During the last 43 years, local governance has been playing a major role in the operation of the political system, being the front office of the political power towards voters, moreover, it serves people providing public services and enrolling citizens in proximity decision-making. So, analysing the determinants of re-election at the municipality level is key to address the multilevel framework of the Portuguese governance.

A milestone of the present research is the introduction, in 2005, of the law of the limit of terms in municipalities (Law 46/2005, from 29th of August). The diploma establishes the limits of successive years in governance in municipalities, setting an upper bound of three consecutive terms. Additionally, it was highlighted the incumbent re-election determinants, relying on three vectors of variables: social, economic and political.

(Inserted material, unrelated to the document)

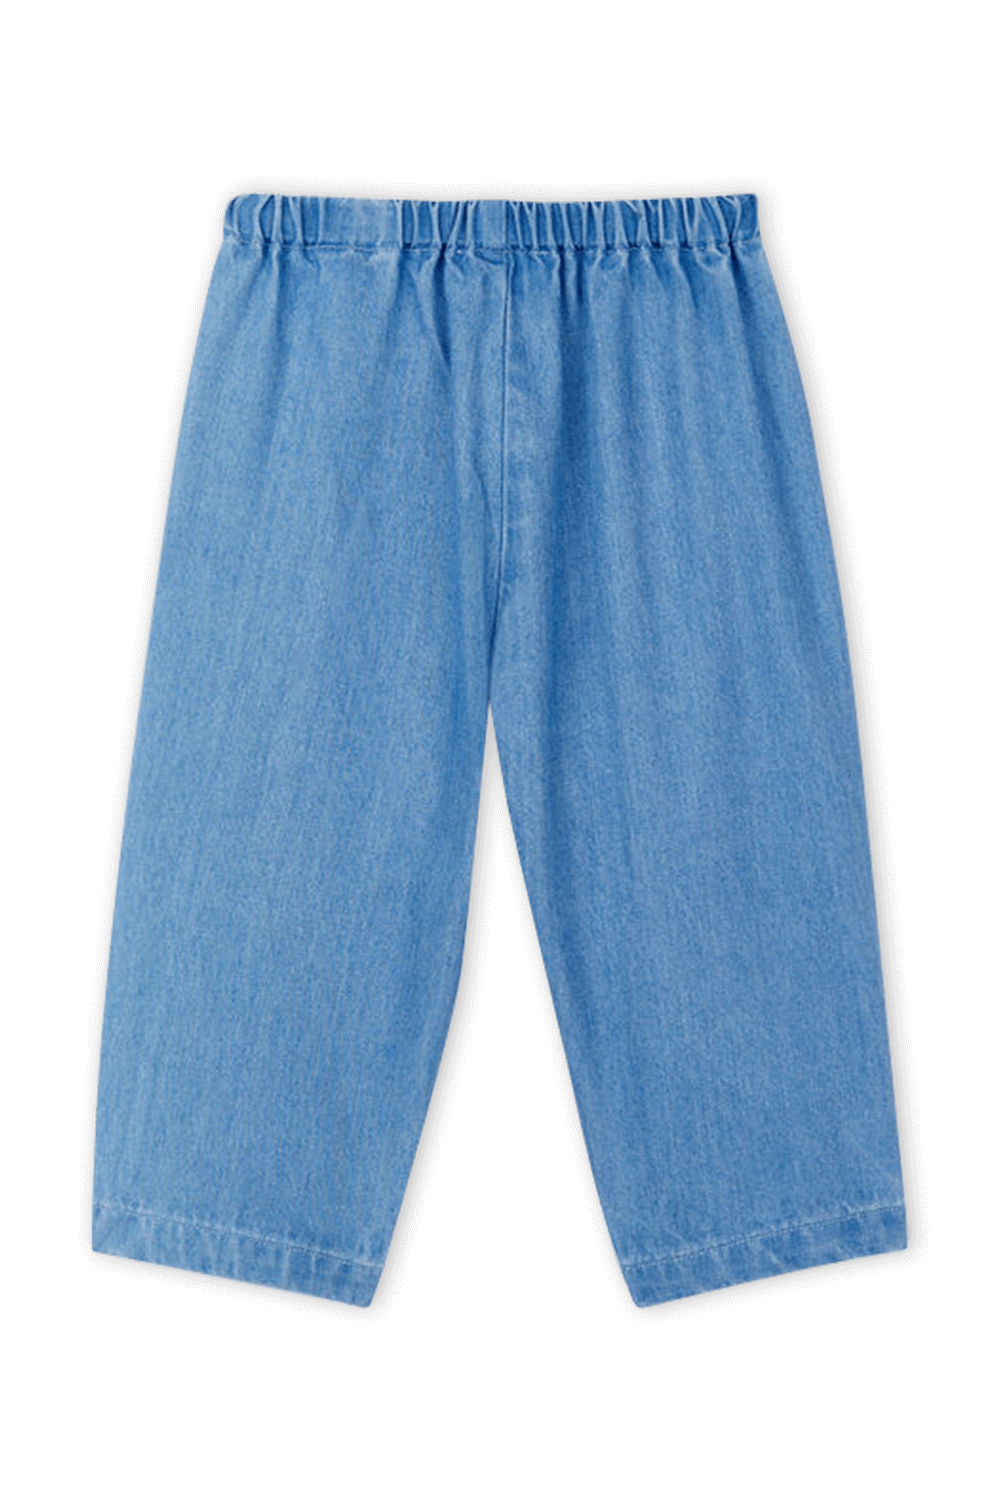 מכנסיים בגוון כחול ג'ינס - גילאי 18-36 חודשים PETIT BATEAU

Given that the objective was twofold: address the determinants of re-election, with emphasis on public finance, and assess if the LLT has brought any difference, it was collected information for four electoral moments, two before and another two after considering 2002-2005, 2006-2009, 2010-2013 and 2014-2017. To approach the question two sub-samples were set, expecting to find some sort of a structural break, and the determinants were kept to understand the eventual changes in terms of significance and/or magnitude of the effect. This question deserves major attention of the institutions as more than a half of the incumbents were not allowed to run for mayor in each of the electoral moments after the implementation of the LLT.

The present chapter is organised as follows: section 1 presents the literature review on determinants of re-election, section 2 describes the descriptive analysis of the database and the empirical methodology. Section 3 describes the hypotheses in test and the econometric estimation and section 4 concludes.